L’analyse qui mène à ces conclusions est sujette à plusieurs mises en garde. Premièrement, les agents de notre modèle sont prospectifs et comprennent la structure de l’économie, y compris la réponse systématique de la politique monétaire aux évolutions économiques. Par conséquent, le modèle n’inclut aucun des mécanismes que la littérature a identifiés comme des sources potentielles de dérive des anticipations d’inflation. Le potentiel d’une telle dérive pourrait modifier l’analyse coûts-avantages des approches alternatives de politique monétaire, comme l’illustre par exemple le présent document.

Deuxièmement, la courbe de Phillips peut être – ou peut être récemment devenue – plus raide que prévu dans le modèle. Cependant, nos calculs suggèrent qu’il faudrait qu’elle soit encore plus raide que celle estimée avec des données allant jusqu’en 1990 – une période au cours de laquelle le lien entre l’inflation et l’activité réelle était sans doute plus étroit que dans un passé plus récent – pour que des taux d’intérêt plus élevés une baisse importante de l’inflation.

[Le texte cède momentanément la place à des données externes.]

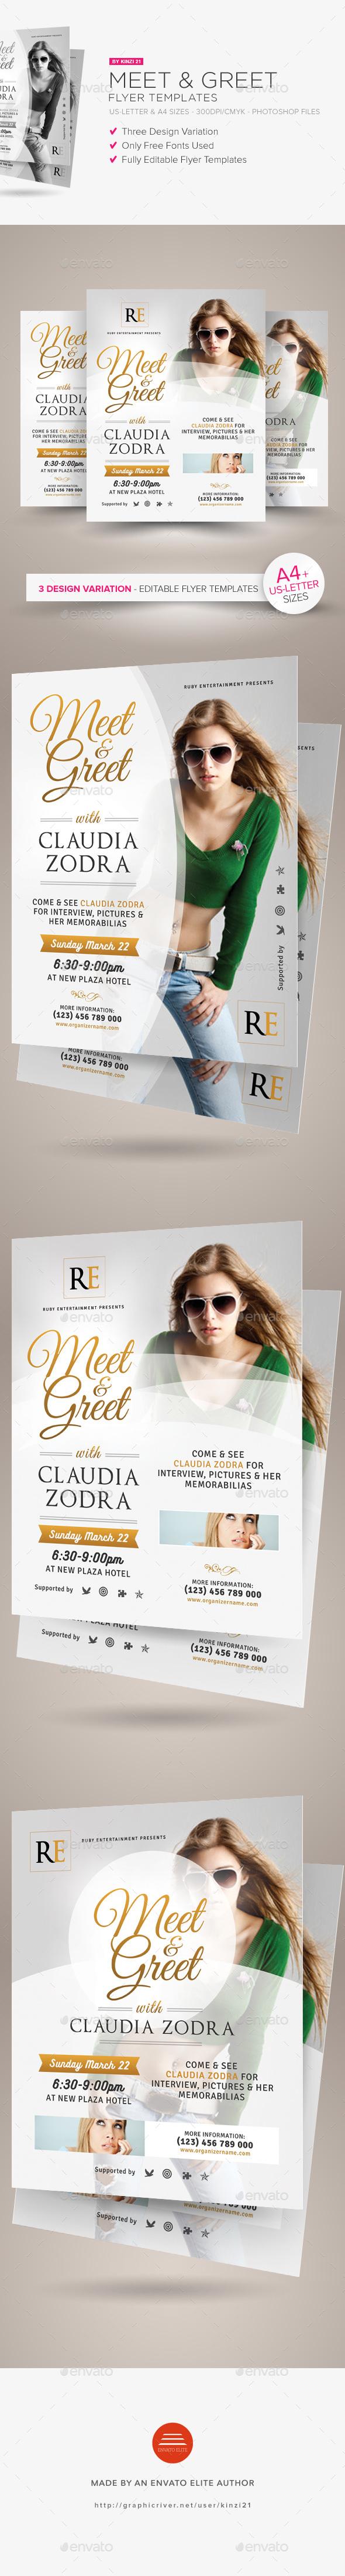 Meet & Greet Flyer Templates - Miscellaneous Events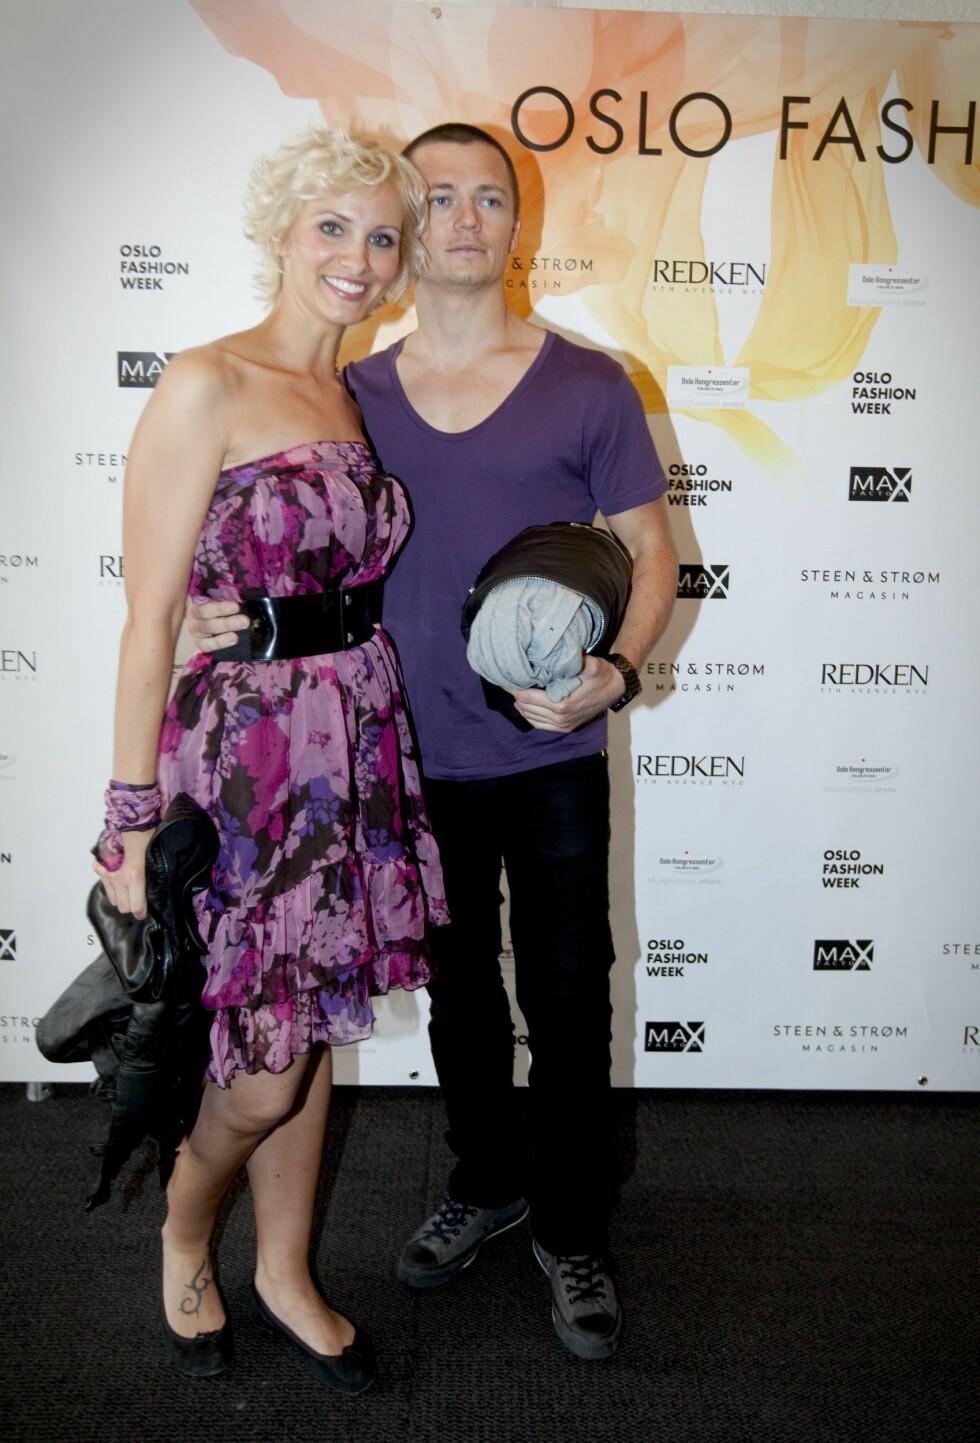 <strong>STØDIG PAR:</strong> Anne Rimmen og Ailo Gaup har vært et par siden 2008. Her er turtelduene under Oslo Fashion Week året etter de ble sammen.  Foto: NTB scanpix

Plus généralement, le fait qu’une courbe de Phillips plate soit une raison pour laquelle la politique monétaire est moins agressive dans la stabilisation de l’inflation, toutes choses égales par ailleurs, n’est pas sans rappeler les travaux de Primiceri et Sargent, Williams et Zha sur les causes de la Grande Inflation des années 1970. Dans leurs modèles, les décideurs politiques ne comprennent pas pleinement la structure de l’économie et doivent l’apprendre au fur et à mesure qu’ils mènent leurs politiques. En particulier, ils croient (à tort) que la courbe de Phillips est plate. En conséquence, ils optent pour une politique moins restrictive, alimentant ainsi la spirale haussière de l’inflation. Une différence importante entre notre croyance actuelle selon laquelle la courbe de Phillips est plate et celle des décideurs à la fin des années 1960 et au début des années 1970 est qu’ils n’étaient pas encore pleinement conscients de l’importance des anticipations dans la dynamique de l’inflation. En revanche, les modèles utilisés aujourd’hui pour déduire la pente de la courbe de Phillips, y compris le nôtre, intègrent tous cette leçon importante de l’expérience des années 1970, même si nous n’avons aucune garantie qu’ils le fassent correctement.

Marco Del Nègre

Marco Del Negro est vice-président du groupe Recherche et statistiques de la Banque.

Aidan Gleich

Aidan Gleich est analyste de recherche principal au sein du Groupe de la recherche et des statistiques de la Banque.

Chlok Goyal

Shlok Goyal est analyste principal de recherche au sein du Groupe de la recherche et des statistiques de la Banque.

Alissa Johnson

Alissa Johnson est analyste de recherche principale au sein du Groupe de la recherche et des statistiques de la Banque.

Andréa Tambalotti

Andrea Tambalotti est vice-présidente du groupe Recherche et statistiques de la Banque.


Avertissement
Les opinions exprimées dans cet article sont celles des auteurs et ne reflètent pas nécessairement la position de la Federal Reserve Bank de New York ou du Federal Reserve System. Toute erreur ou omission est de la responsabilité des auteurs.